A Texas family grew by five overnight, reuniting siblings previously separated in foster care.
Thomas and Andi Bonura had three biological children of their own, but 11 years ago were told they wouldn’t be able to have any more. They struggled for years to conceive the children they did have, with all three born prematurely. Their first successful pregnancy was with twins, Eli and Joey, born at 25 weeks. Joey survived, but Eli did not, and Joey still struggles with health problems. He has cerebral palsy, is visually impaired, and communicates through sign language. “He’s very smart…whenever people start to pity him, I tell them, ‘Don’t.’ He’s the happiest kid in this house,” Andi Bonura told Good Morning America. She later had daughters Sadie and Daphne, and she had one miscarriage. In 2017, the couple became foster parents.
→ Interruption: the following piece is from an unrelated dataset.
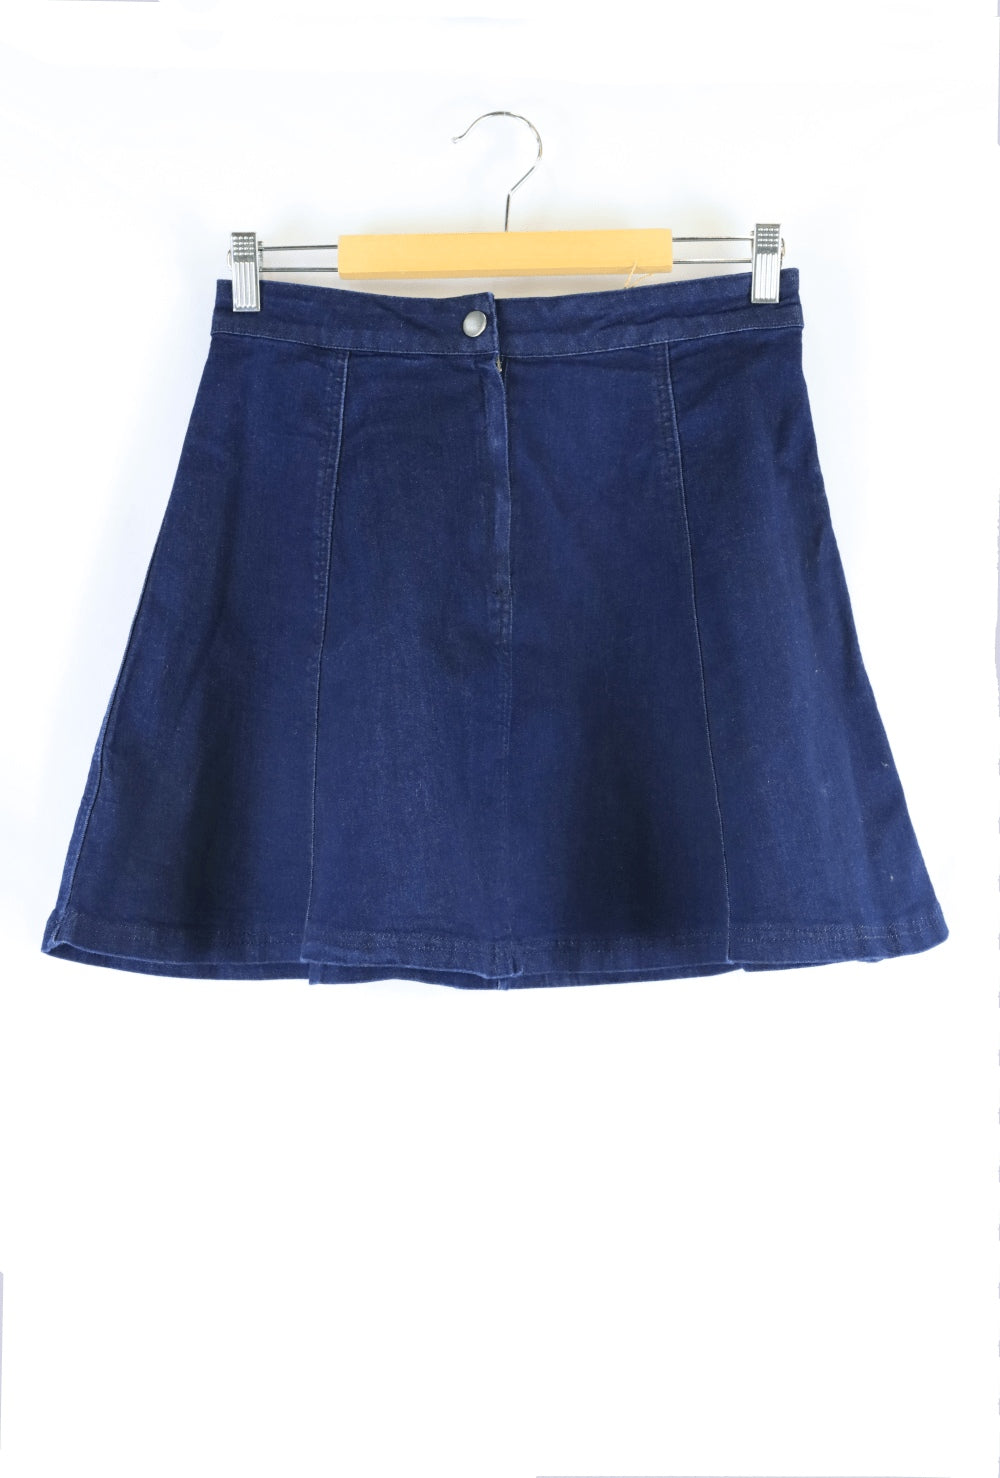 Dangerfield Blue Denim Skirt 10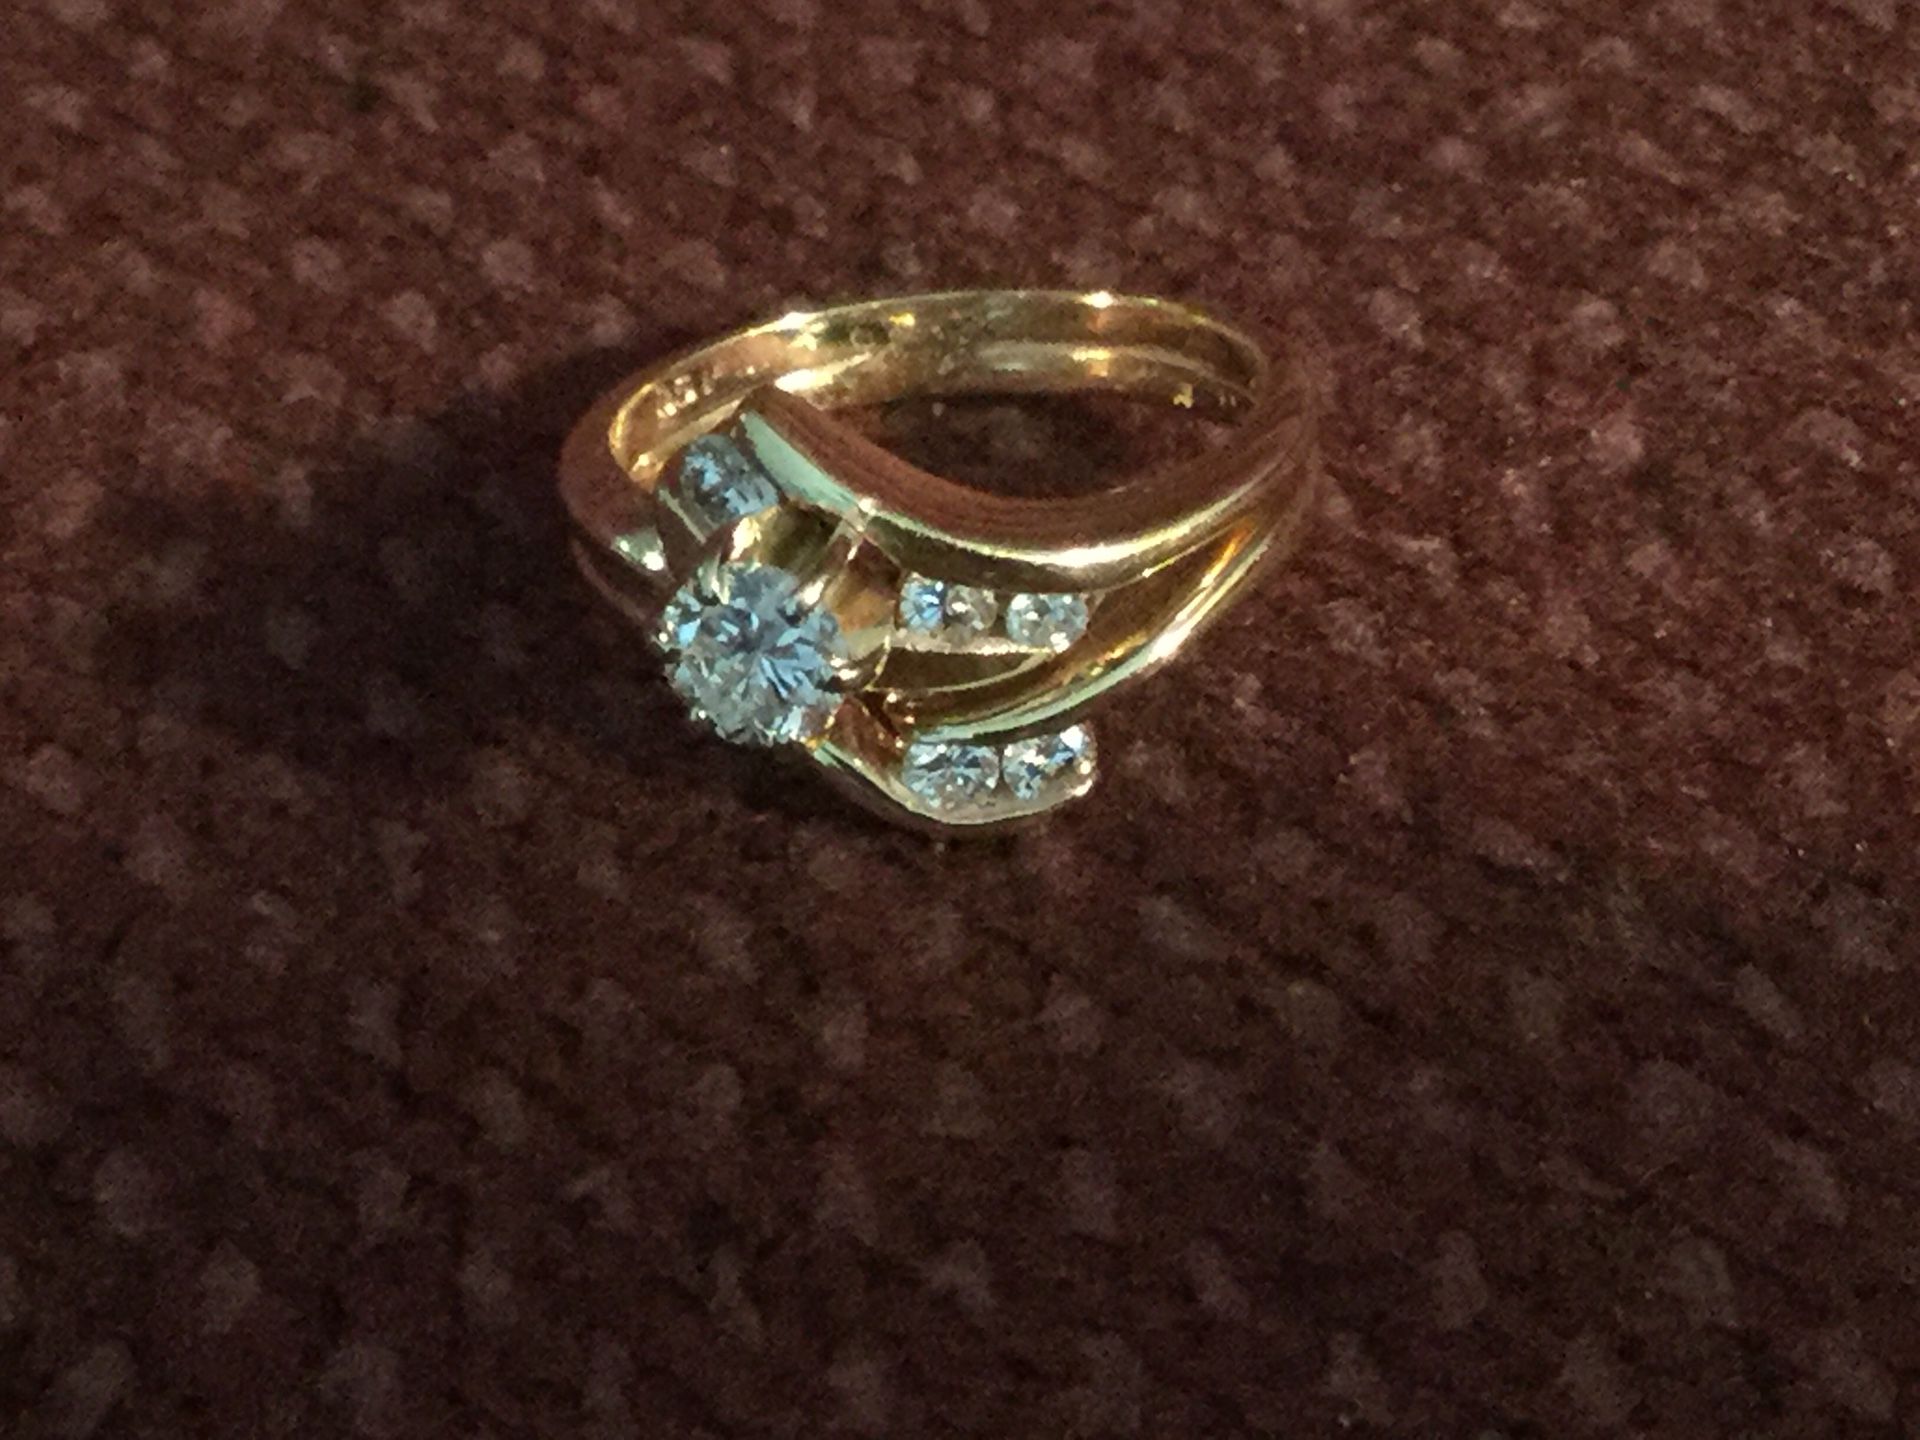 Diamond Ring — Engagement and Wedding Band set — 0.56 carat total diamond wt., 14K yellow gold, size 7

They were immediately paired with the first of their eventual adopted children. The five siblings were all separated, and Bryson, who is now two years old, was the couple’s first foster child, straight out of the hospital. Soon, they added two of Bryson’s siblings: David and Gabrielle. Then, their older twin brothers Thomas and Carter began to visit their other siblings — but visits weren’t enough. “They were sweet and would say, ‘Can we come live with you?'” Bonura recalled.
The Bonura family happily welcomed Thomas and Carter, but soon, the opportunity arrived to make it official. “One day we got a call saying, ‘[The parents] are terminating rights. Do you want them?'” Bonura explained. “We said yes.”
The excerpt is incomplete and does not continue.